# What have you learned?



## Enchanted (Jan 2, 2013)

Or hope to learn.

From being on TAM I've learned I can get to know the other members quickly by clicking on their profile and looking at all the threads they start. Just by reading the titles I have a decent understanding about who this person is and what is important to them. 

Human behavior fascinates me.


----------



## in my tree (Jun 9, 2012)

I've learned a lot more about how some men think and what they want out of a relationship. TAM has also helped me to reflect on my own mistakes and what I did wrong in the past. 

I am also now a bit worried that everyone is either BPD or a narcissist! Jeez! I never realized how many of these types are around.


----------



## Entropy3000 (May 11, 2011)

Sorry I know you posted to Ladies but I have learned a lot myself. Not sure if I can put it all in words right now but this below is the most important.

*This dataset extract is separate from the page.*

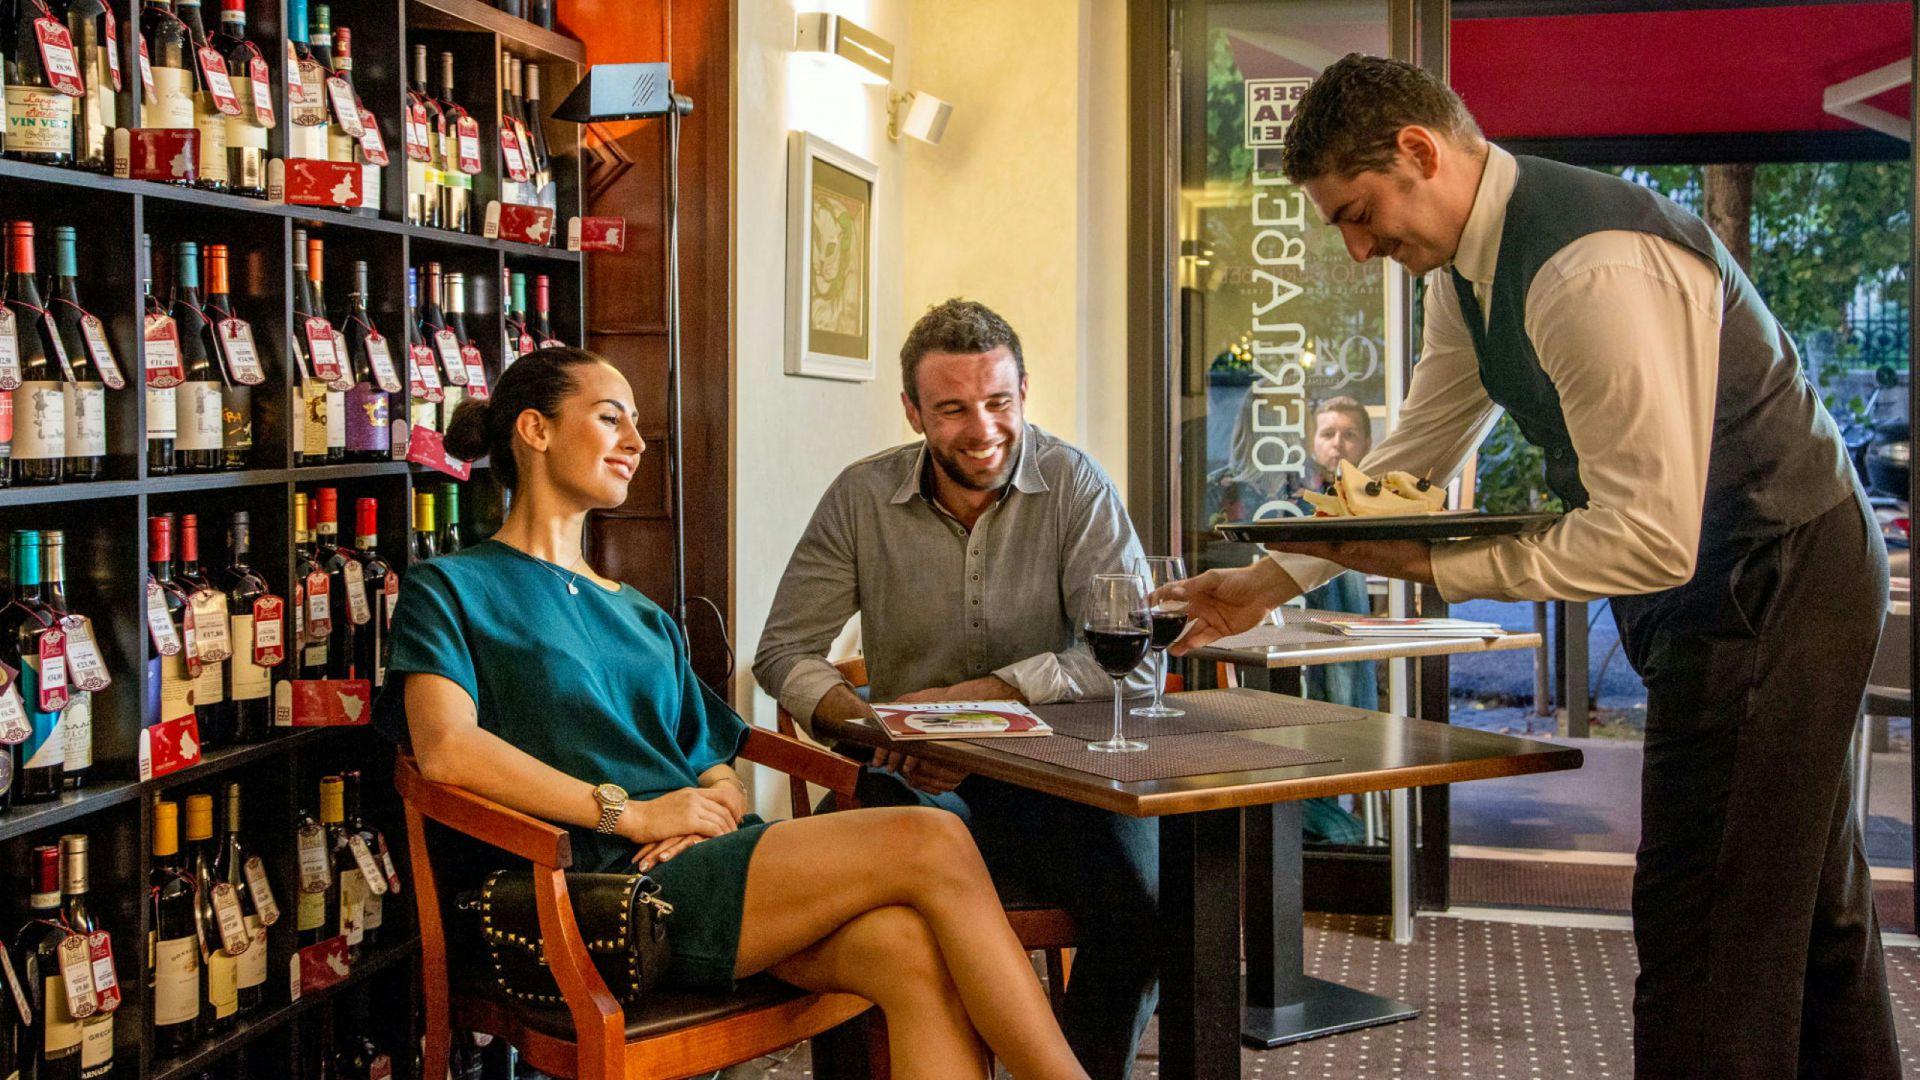 Foto-Hotel-Oxford-Roma-bar-de-vinhos-12

BUT, I always knew my wife was wonderful. Wow is she ever. I chose well.


----------



## Cosmos (May 4, 2012)

It has taught me to be grateful for the values I grew up with and the relationship I now have.


----------



## Holland (Aug 20, 2012)

I have learnt a huge amount about men and relationships here. It is extremely valuable and empowering information for me.


----------



## Anon Pink (Jan 17, 2013)

I've learned how important it is for each spouse to maintain their sense of themselves for themselves. To pursue activities individually in order to make yourself a more rounded person, to bring vitality to the relationship that is always evolving.


----------



## Caribbean Man (Jun 3, 2012)

I've learned quite a lot on TAM.

But like Entropy said, the more I read TAM, the more I love and appreciate the type of woman my wife is.
She is a _good_ woman.
The type that any man would want for a wife.
Every day I make it my duty to treat her special.


----------



## Enchanted (Jan 2, 2013)

I also learned to appreciate my marriage more on TAM. I've been on other forums where marriage wasn't the main subject and I walked away feeling empty. From being on TAM I realize that my marriage is the most precious thing I have and when I take it for granted I do a lot of damage. Sometimes I forget how lonely I was when I was single and how much I dreamed about having what I have now. It's sort of scary to me admitting that I have something good. I feel once I say that, it'll be taken away.


----------



## Caribbean Man (Jun 3, 2012)

Enchanted said:


> Sometimes I forget how lonely I was when I was single and how much I dreamed about having what I have now. *It's sort of scary to me admitting that I have something good. I feel once I say that, it'll be taken away.
> *


Well why are you scared?
I think its supposed to work the other way around.
The more you talk about the positives , especially if its true, you reaffirm how much it means to you.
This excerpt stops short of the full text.